Эта история произвела на меня сильное впечатление. Круглов, хорошо знакомый с практикой работы Центрального Комитета (до НКВД он работал в аппарате ЦК), подтвердил, что члены Политбюро могли лично вмешиваться в решение судеб людей, особенно членов семей врагов народа. Я впервые узнал, что вмешательство в этих случаях направлено не на спасение жизни невинных людей, а является способом избавления от нежелательных свидетелей. В архивах в списке жен видных деятелей партии, Красной Армии и НКВД, приговоренных к расстрелу, я нашел также имя жены Успенского. Ее смертный приговор, как и приговоры другим женам репрессированных руководителей, сначала утверждался высшими партийными инстанциями.
Последняя моя встреча со следователем, ведущим мое дело, кончилась для меня неожиданным поворотом. Преображенский вдруг потребовал, чтобы я написал об участии Молотова в зондаже Стаменова. Меня это крайне озадачило, и я понял, что Молотов сейчас, должно быть, не в фаворе. Я ничего не знал об «антипартийной группе», отстраненной от руководства в 1957 году, куда входили Молотов, Маленков и Каганович. Моя записка явно произвела на Преображенского впечатление, особенно сообщение, что Молотов устроил на работу жену Стаменова в Институт биохимии Академии наук СССР к академику Баху. Я также вспомнил, что с Молотовым консультировались насчет подарков, которые Стаменов вручал у себя на родине царской семье. Реакция следователя укрепила мою надежду, что, несмотря на закрытое заседание, меня оставят в живых как свидетеля против Молотова.
Тридцать три — таково было число моих заявлений, направленных Хрущеву, Руденко, секретарю Президиума Верховного Совета СССР Горкину, Серову, ставшему председателем КГБ, и другим с требованием предоставить мне защитника и протестом по поводу грубых фальсификаций, содержащихся в выдвинутых против меня обвинениях. Ни на одно из них я не получил ответа.
Обычно, когда следствие на высшем уровне по особо важным делам завершалось, дело незамедлительно передавалось в Верховный суд. В течение недели или в крайнем случае месяца я должен был получить уведомление о том, когда состоится слушание дела. Но прошло три месяца — и ни слова. Только в начале сентября 1958 года меня официально известили, что мое дело будет рассматриваться Военной коллегией 12 сентября без участия прокурора и защиты. Я был переведен во внутреннюю тюрьму Лубянки, а затем в Лефортово. Через много лет я узнал, что генерал-майор Борисоглебский, председатель Военной коллегии, трижды отсылал мое дело в прокуратуру для проведения дополнительного расследования. И трижды дело возвращали с отказом.
Сейчас мне кажется, что моя судьба была предрешена заранее, но никто не хотел брать на себя ответственность за нарушение закона в период широковещательных заверений о соблюдении законности, наступивший после смерти Сталина и разоблачений Хрущевым его преступлений на XX съезде партии. Позднее мне стало известно, что мои обращения к Серову и Хрущеву, в которых я ссылался на наши встречи в Кремле и на оперативное сотрудничество в годы войны и после ее окончания, вызвали быструю реакцию. Мой бывший подчиненный полковник Алексахин был сразу направлен в прокуратуру для изъятия всех оперативных материалов из моего дела, касавшихся участия Хрущева в тайных операциях против украинских националистов. Прокуратура заверила его, что ни в одном из четырех томов моего уголовного дела нет ссылок на Хрущева.

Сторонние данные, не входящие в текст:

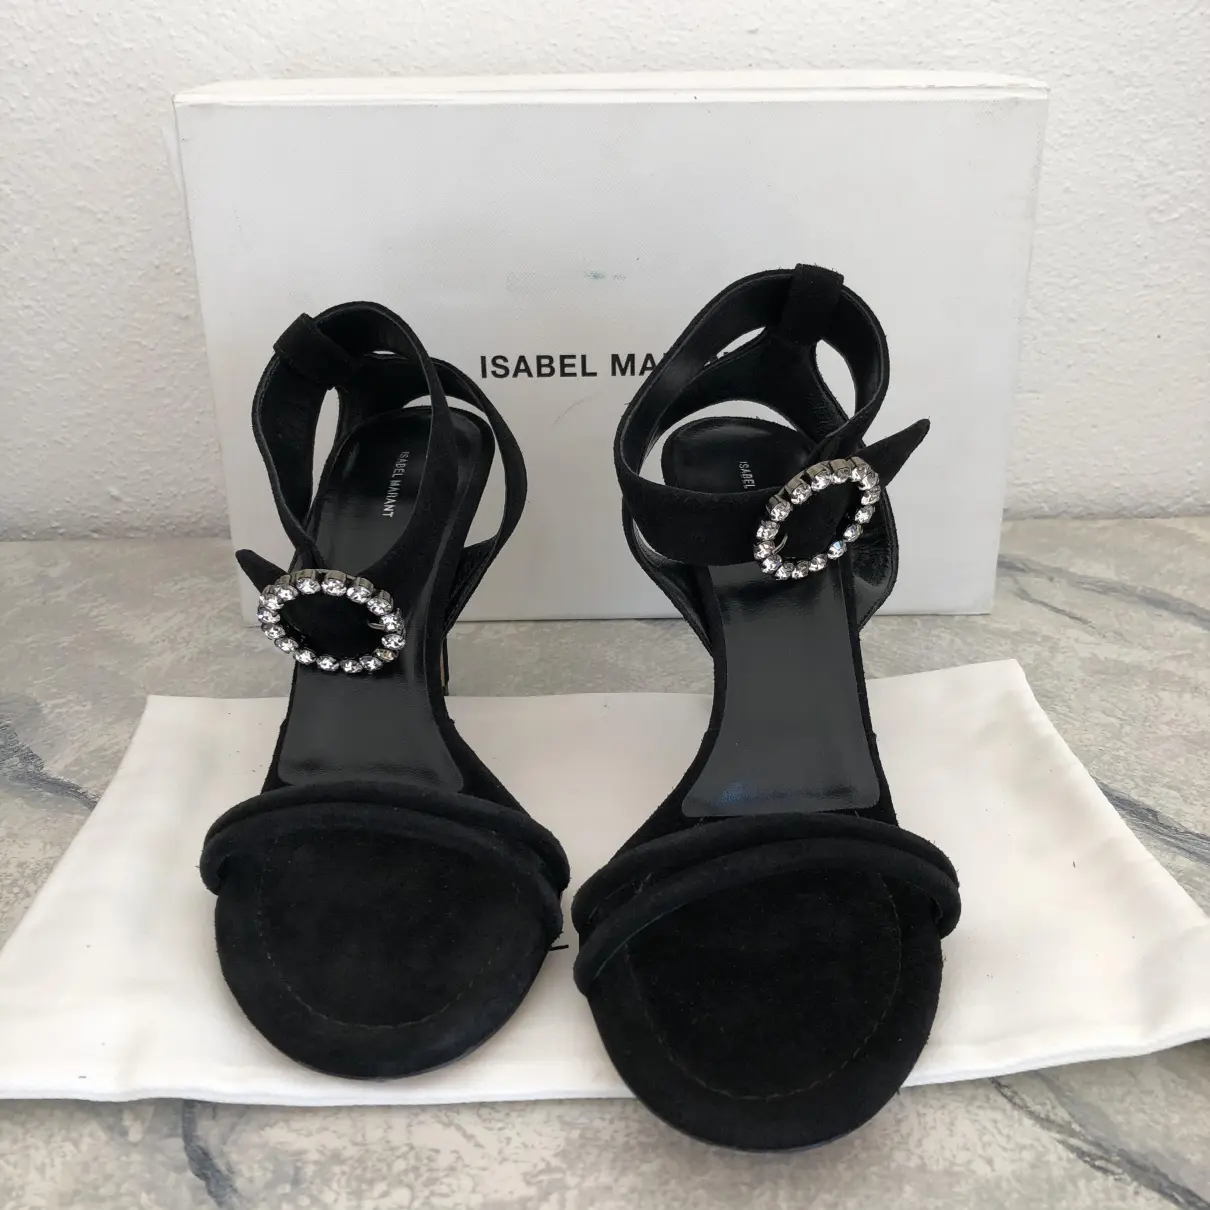 Buy Isabel Marant Sandals online

Полковник Алексахин был опытным офицером разведки, и, когда ему показали обвинительное заключение против меня, он прямо сказал военному прокурору, что обвинения неконкретны и сфальсифицированы. Младшие офицеры-следователи согласились с ним, но сказали, что приказы не обсуждаются, а выполняются — они поступают сверху.

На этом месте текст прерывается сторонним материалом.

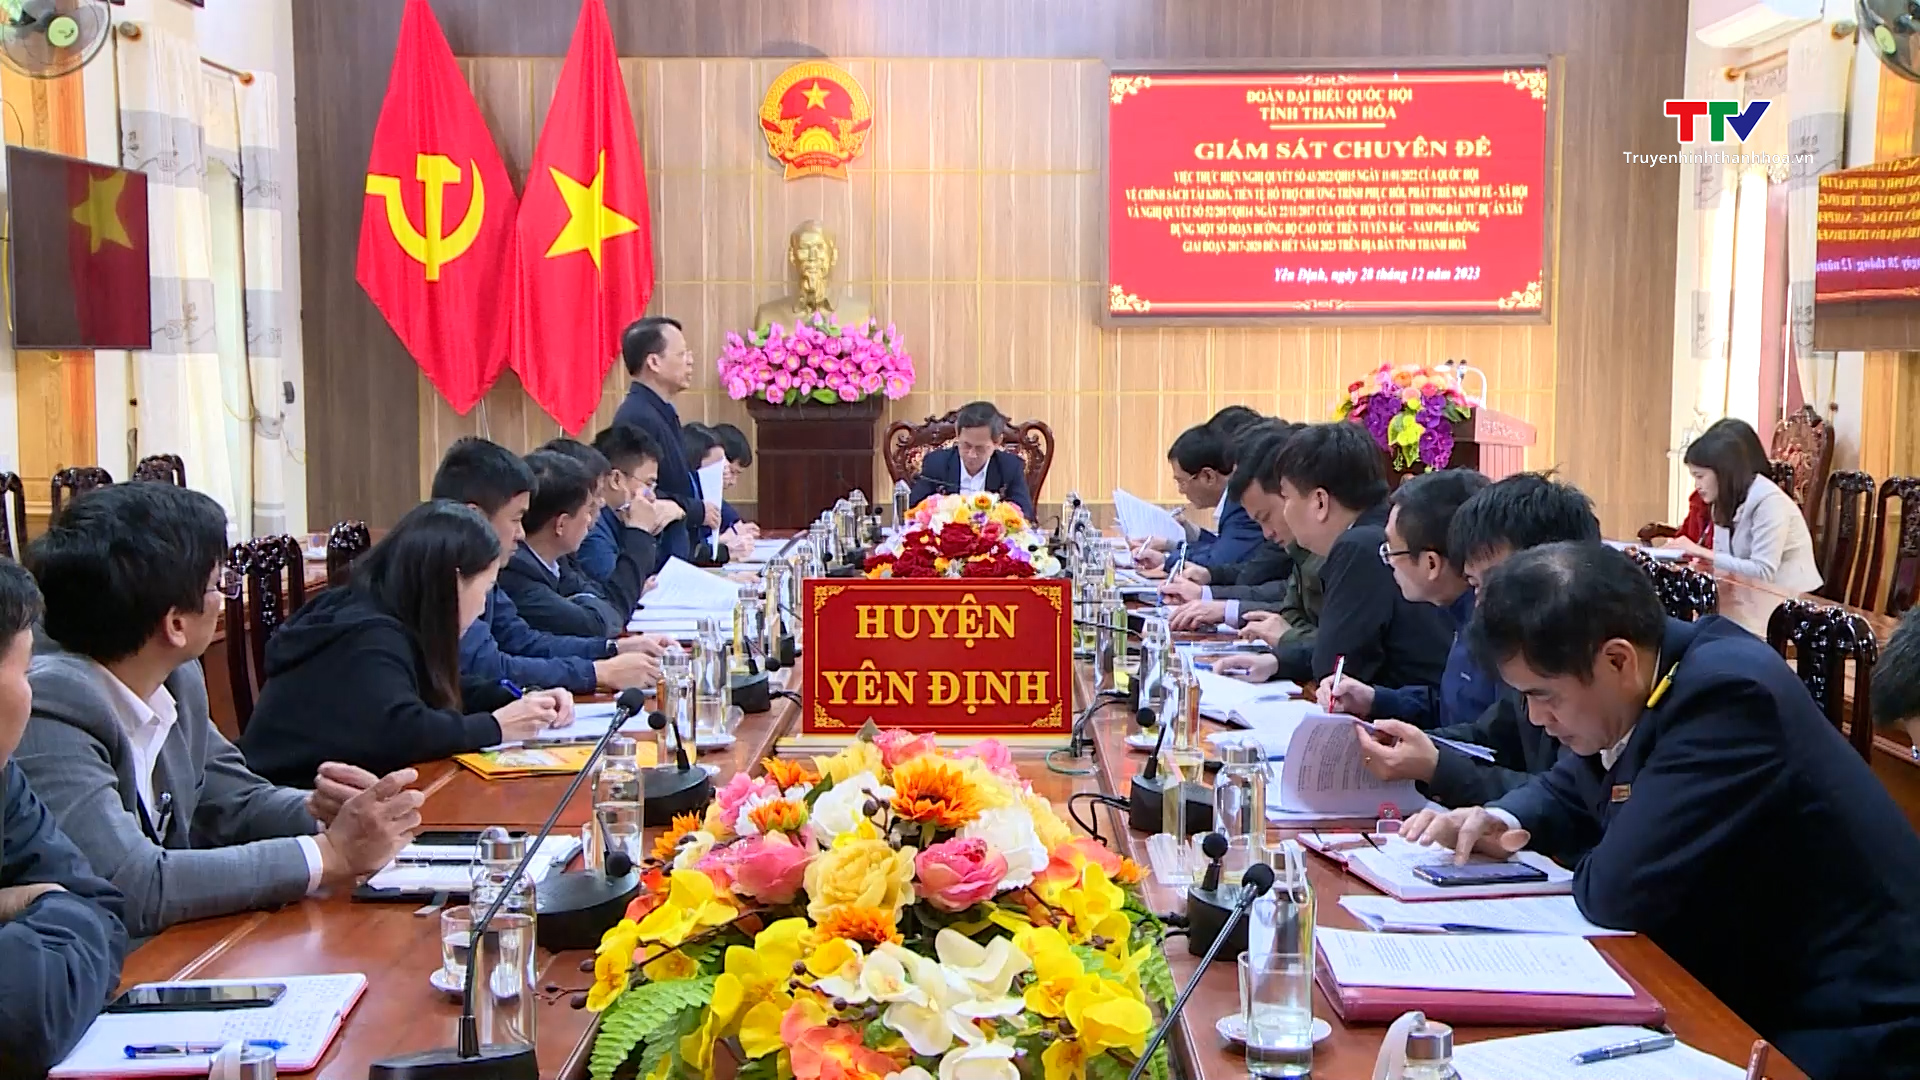 Đoàn đại biểu Quốc hội tỉnh giám sát chuyên đề thực hiện Nghị quyết 43 và Nghị quyết 52 của Quốc hội tại hai huyện Yên Định và Triệu Sơn- Ảnh 1.

Алексахин взял в прокуратуре три запечатанных конверта с непросмотренными оперативными материалами, изъятыми из моего служебного сейфа при обыске в 1953 году. Конверты он отдал в секретариат Серова и больше их никогда не видел. Я не могу вспомнить всего, что находилось у меня в сейфе, но знаю наверняка, что там были записи о санкциях тогдашнего высшего руководства — Сталина, Молотова, Маленкова, Хрущева и Булганина — на ликвидацию неугодных правительству лиц и, кроме того, записи по агентурным делам нашей разведки о проникновении через сионистские круги в правительственные сферы и среду ученых, занимавшихся исследованиями по атомной энергии.
Позднее, в 1988 году, когда Алексахин с двумя ветеранами разведки ходатайствовали о пересмотре моего дела, они сослались на этот эпизод. Им посоветовали молчать и не компрометировать партию еще больше, вытаскивая на свет Божий столь неблаговидные дела.

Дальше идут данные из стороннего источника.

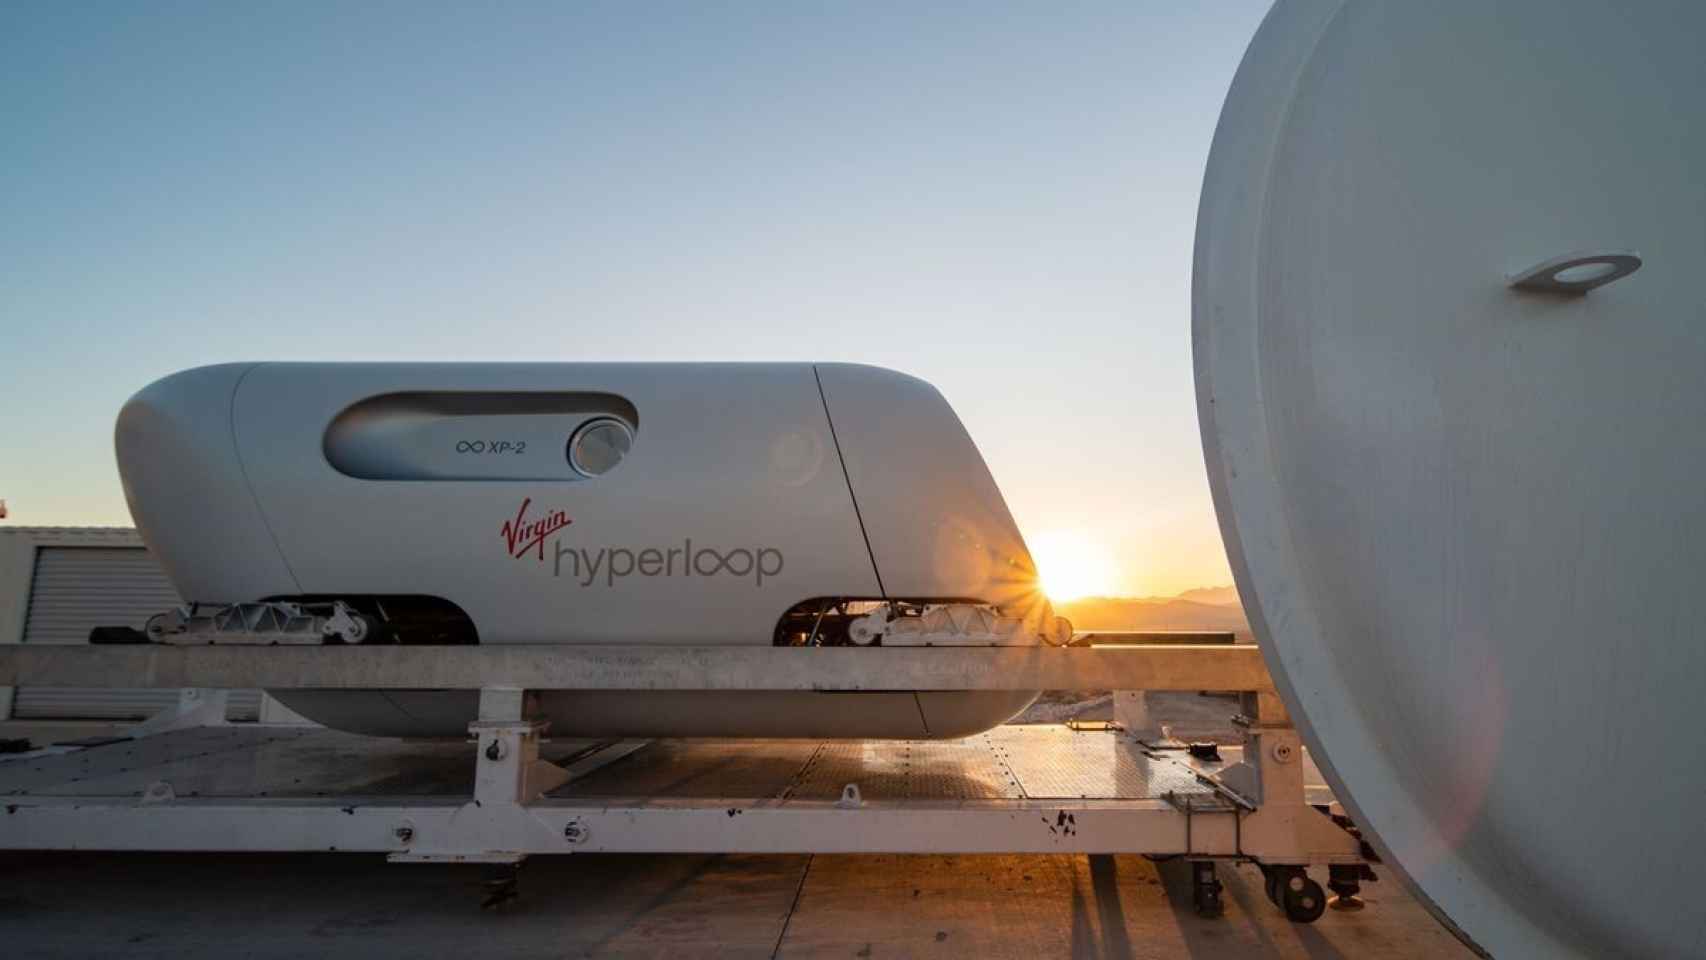 La cápsula XP-2 de Virgin Hyperloop, empleada en las pruebas con pasajeros en Las Vegas en 2020.

В здание Верховного суда на улице Воровского меня привезли в тюремной машине. На мне не было наручников, и конвоирам КГБ, которые меня сопровождали, приказали ждать в приемной заместителя председателя Военной коллегии, то есть за пределами зала судебных заседаний. Им не разрешили войти в зал вопреки общепринятой процедуре. Я был в гражданском. Комната, куда я вошел, совсем не напоминала зал для слушания судебных дел. Это был хорошо обставленный кабинет с письменным столом в углу и длинным столом, предназначенным для совещаний, во главе которого сидел генерал-майор Костромин, представившийся заместителем председателя Военной коллегии. Другими судьями были полковник юстиции Романов и вице-адмирал Симонов. В комнате присутствовали также два секретаря — один из них, майор Афанасьев, позднее был секретарем на процессе Пеньковского.
Я сидел в торце длинного стола, а на другом конце располагались судьи — все трое. Заседание открыл Костромин, объявив имена и фамилии судей и осведомившись, не будет ли у меня возражений и отводов по составу суда. Я ответил, что возражений и отводов не имею, но заявляю протест по поводу самого закрытого заседания и грубого нарушения моих конституционных прав на предоставление мне защиты. Я сказал, что закон запрещает закрытые заседания без участия защитника по уголовным делам, где в соответствии с Уголовным кодексом речь может идти о применении высшей меры наказания — смертной казни, а из-за серьезной болезни, которую перенес, я не могу квалифицированно осуществлять свою собственную защиту в судебном заседании.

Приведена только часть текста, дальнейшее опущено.